Personal information
- Born: 26 January 1996 (age 30) Shahabad Markanda, Haryana, India
- Height: 1.63 m (5 ft 4 in)
- Weight: 59 kg (130 lb)

Sport
- Sport: Field hockey
- Position: Forward

Senior career
- Years: Team / Caps / Goals
- –: Railways / - / -
- 2025–: Delhi SG Pipers / - / -

National team
- Years: Team / Caps / Goals
- 2014–: India / 217 / (74)

Medal record
Women's field hockey
Representing India
Asian Games
| Silver medal – second place | 2018 Jakarta | Team |
| Bronze medal – third place | 2022 Hangzhou | Team |
Commonwealth Games
| Bronze medal – third place | 2022 Birmingham | Team |
Asia Cup
| Gold medal – first place | 2017 Gifu |  |
| Silver medal – second place | 2025 Hangzhou |  |
| Bronze medal – third place | 2022 Muscat |  |
Asian Champions Trophy
| Gold medal – first place | 2016 Singapore |  |
| Gold medal – first place | 2023 Ranchi |  |
| Gold medal – first place | 2024 Rajgir |  |
| Silver medal – second place | 2018 Donghae |  |
FIH Nations Cup
| Gold medal – first place | 2022 Spain |  |
Junior World Cup
| Bronze medal – third place | 2013 Mönchengladbach |  |

= Navneet Kaur (field hockey) =

Indian field hockey player

Navneet Kaur (born 26 January 1996 at Shahabad Markanda) is an Indian field hockey player, who plays as a forward for the Indian national team.

==Career==
Navneet was part of the Indian team that won a silver at the 2018 Asian Games.

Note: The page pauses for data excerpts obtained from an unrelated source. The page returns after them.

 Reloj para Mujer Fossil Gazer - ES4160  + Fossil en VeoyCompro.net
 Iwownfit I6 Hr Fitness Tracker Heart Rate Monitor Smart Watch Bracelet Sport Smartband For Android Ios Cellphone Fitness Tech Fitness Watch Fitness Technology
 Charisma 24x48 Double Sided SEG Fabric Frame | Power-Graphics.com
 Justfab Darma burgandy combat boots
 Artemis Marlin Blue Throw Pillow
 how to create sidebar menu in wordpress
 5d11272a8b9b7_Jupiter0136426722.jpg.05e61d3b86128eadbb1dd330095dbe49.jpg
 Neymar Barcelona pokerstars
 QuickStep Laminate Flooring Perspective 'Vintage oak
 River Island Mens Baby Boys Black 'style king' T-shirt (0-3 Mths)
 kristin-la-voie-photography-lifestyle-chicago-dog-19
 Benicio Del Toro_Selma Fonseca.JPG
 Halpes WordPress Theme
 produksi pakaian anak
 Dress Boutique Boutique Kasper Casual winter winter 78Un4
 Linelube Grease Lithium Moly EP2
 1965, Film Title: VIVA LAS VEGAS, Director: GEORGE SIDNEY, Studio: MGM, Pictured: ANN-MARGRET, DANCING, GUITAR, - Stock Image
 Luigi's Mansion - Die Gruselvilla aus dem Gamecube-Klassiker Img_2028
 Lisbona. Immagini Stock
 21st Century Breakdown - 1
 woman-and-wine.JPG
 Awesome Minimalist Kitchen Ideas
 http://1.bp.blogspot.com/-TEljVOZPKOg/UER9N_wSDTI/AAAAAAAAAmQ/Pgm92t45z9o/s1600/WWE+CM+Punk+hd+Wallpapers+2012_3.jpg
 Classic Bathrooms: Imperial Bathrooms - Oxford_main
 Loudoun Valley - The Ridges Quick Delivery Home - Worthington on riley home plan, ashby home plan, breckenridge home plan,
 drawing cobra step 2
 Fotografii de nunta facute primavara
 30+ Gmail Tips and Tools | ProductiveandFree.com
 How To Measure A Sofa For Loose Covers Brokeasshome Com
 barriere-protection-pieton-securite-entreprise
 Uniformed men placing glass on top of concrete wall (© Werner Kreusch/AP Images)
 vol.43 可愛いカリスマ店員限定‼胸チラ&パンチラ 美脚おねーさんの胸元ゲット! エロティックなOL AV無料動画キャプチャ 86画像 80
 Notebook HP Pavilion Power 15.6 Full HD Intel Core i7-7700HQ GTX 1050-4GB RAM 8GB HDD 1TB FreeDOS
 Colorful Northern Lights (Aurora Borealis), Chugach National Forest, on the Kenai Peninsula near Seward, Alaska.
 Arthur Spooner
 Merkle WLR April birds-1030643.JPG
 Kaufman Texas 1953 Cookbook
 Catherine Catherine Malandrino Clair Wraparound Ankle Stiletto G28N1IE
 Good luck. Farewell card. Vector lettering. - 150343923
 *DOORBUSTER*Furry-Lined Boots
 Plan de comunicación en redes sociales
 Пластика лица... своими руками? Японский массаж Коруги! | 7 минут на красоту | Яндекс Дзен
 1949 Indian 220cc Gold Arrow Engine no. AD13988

On 8 April 2022, she made her 100th international appearance in the 2021-22 Women's FIH Pro League match against the Netherlands team. She also won the Player of the Match award for her performance against the Dutch team.

She is presently employed with Western Railway of the Indian Railways. She was the leading goal scorer for India at the 2026 World Cup with 4 goals.